▸ **INFORMATION SHOWN**
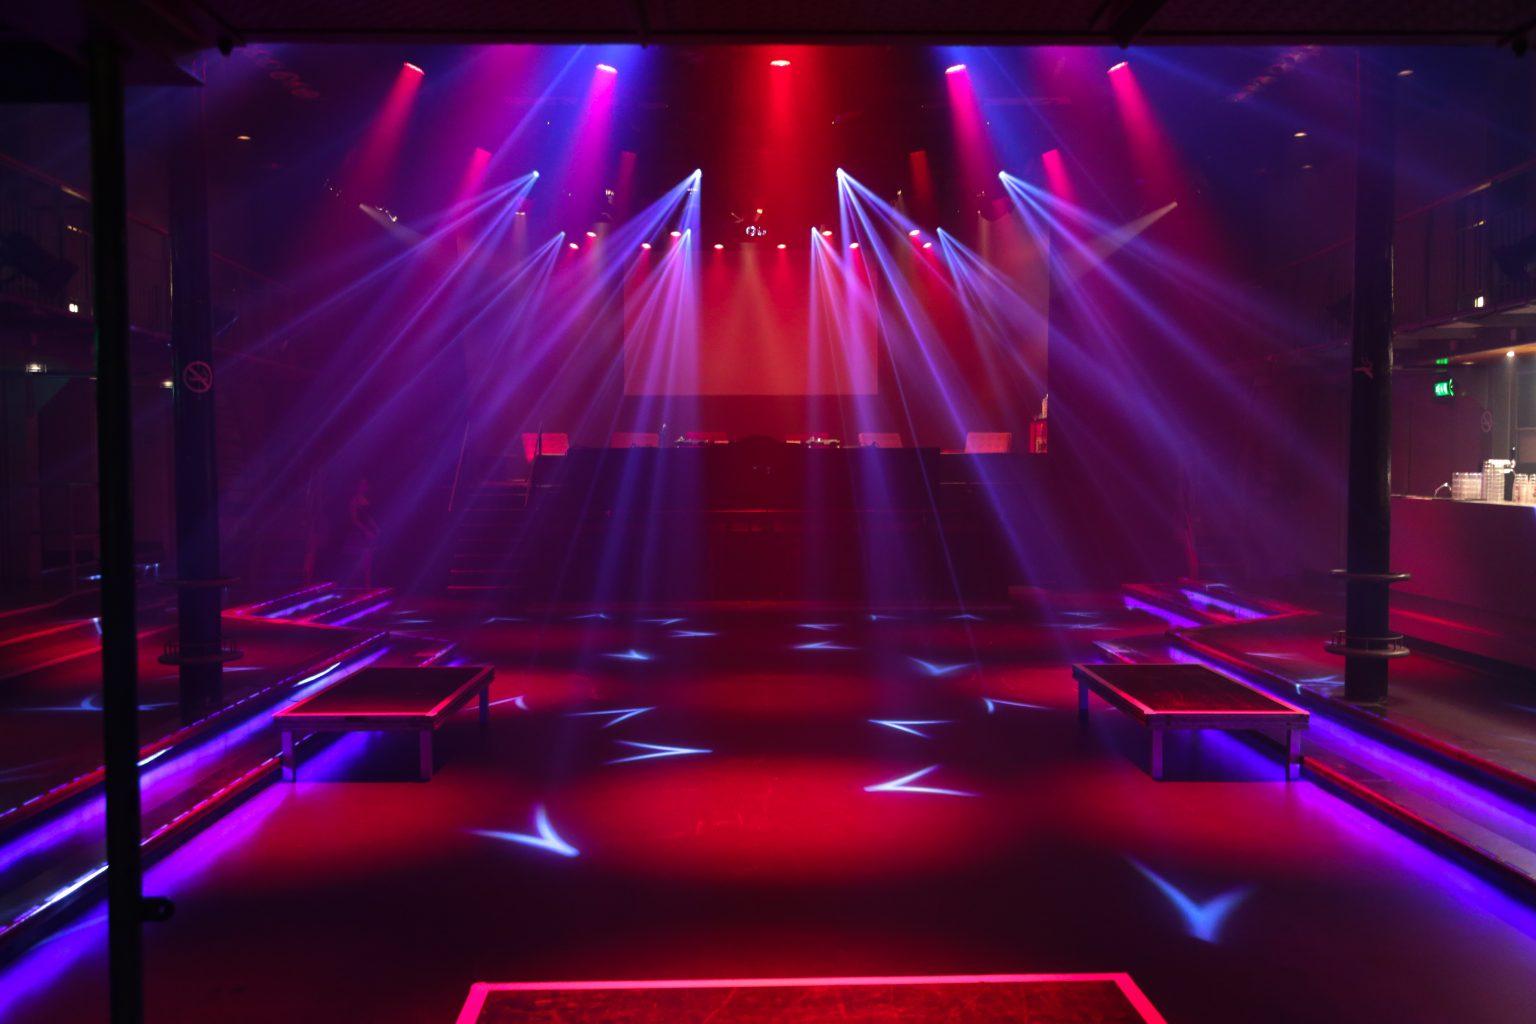 Melkweg Max lights and visuals
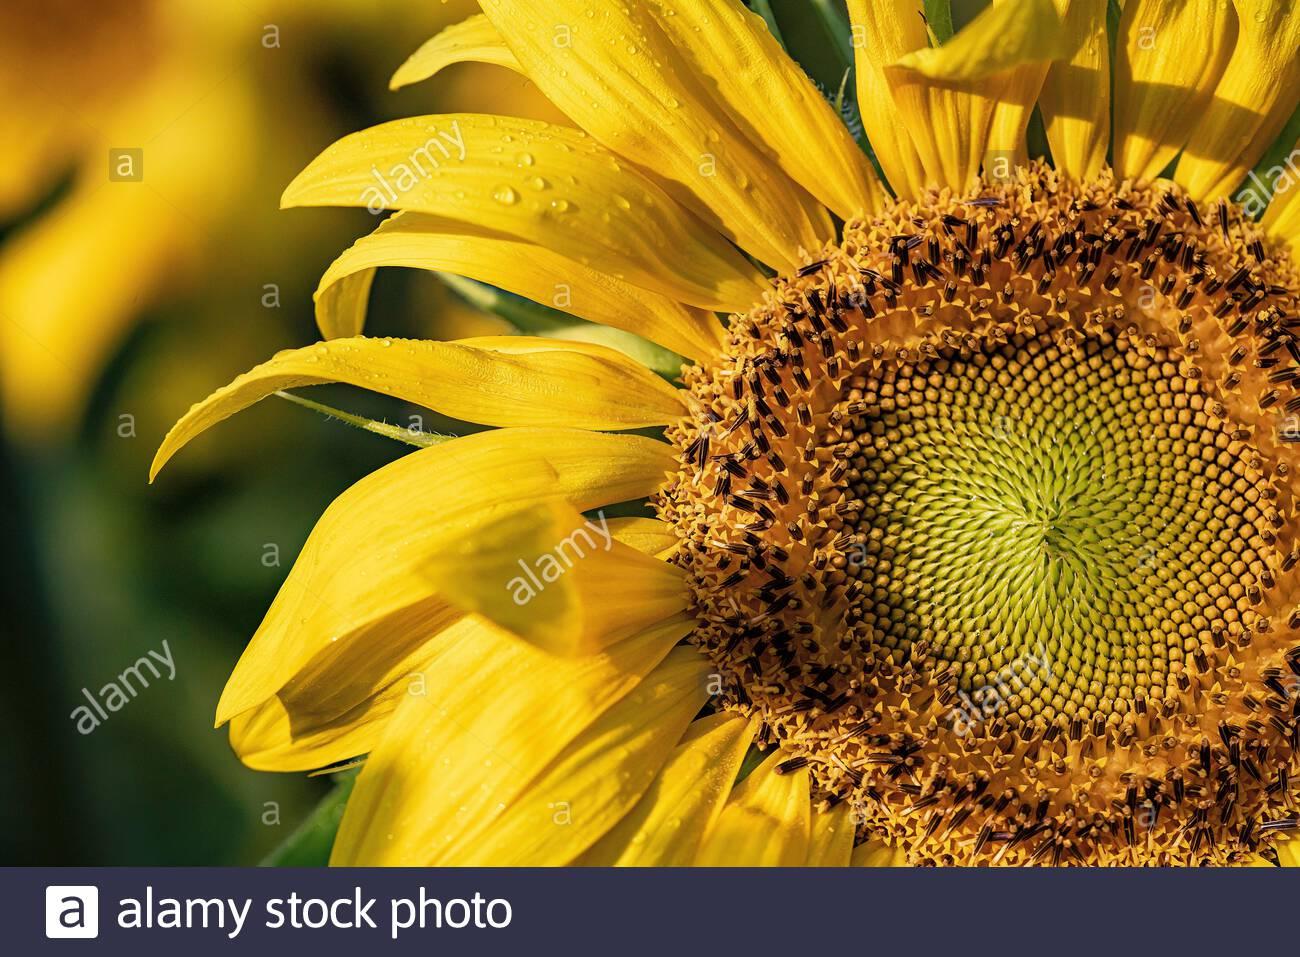 sunflower-helianthus-annuus-2C9888E.jpg
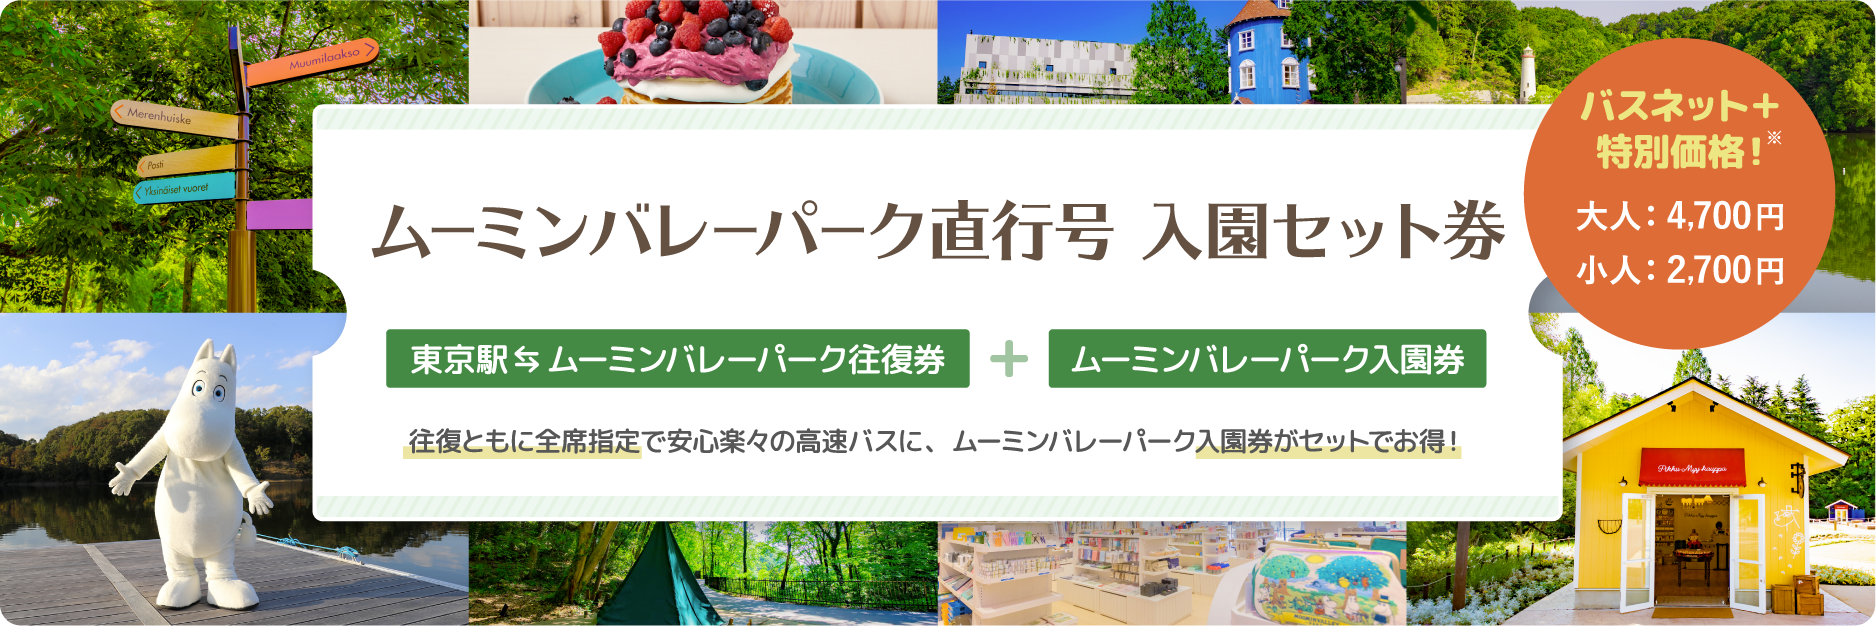 Moomin Valley park going straight admission set ticket Bus net + special price Adult 4,700 yen Child 2,700 yen

▸ **EXERCISE DETAILS**
Please write out the lines from the one that holds "sunflower-helianthus-annuus-2C9888E.jpg" through the end of the material, both ends included, exactly and with no pictures.

▸ **TASK ANSWER**
 sunflower-helianthus-annuus-2C9888E.jpg
 Moomin Valley park going straight admission set ticket Bus net + special price Adult 4,700 yen Child 2,700 yen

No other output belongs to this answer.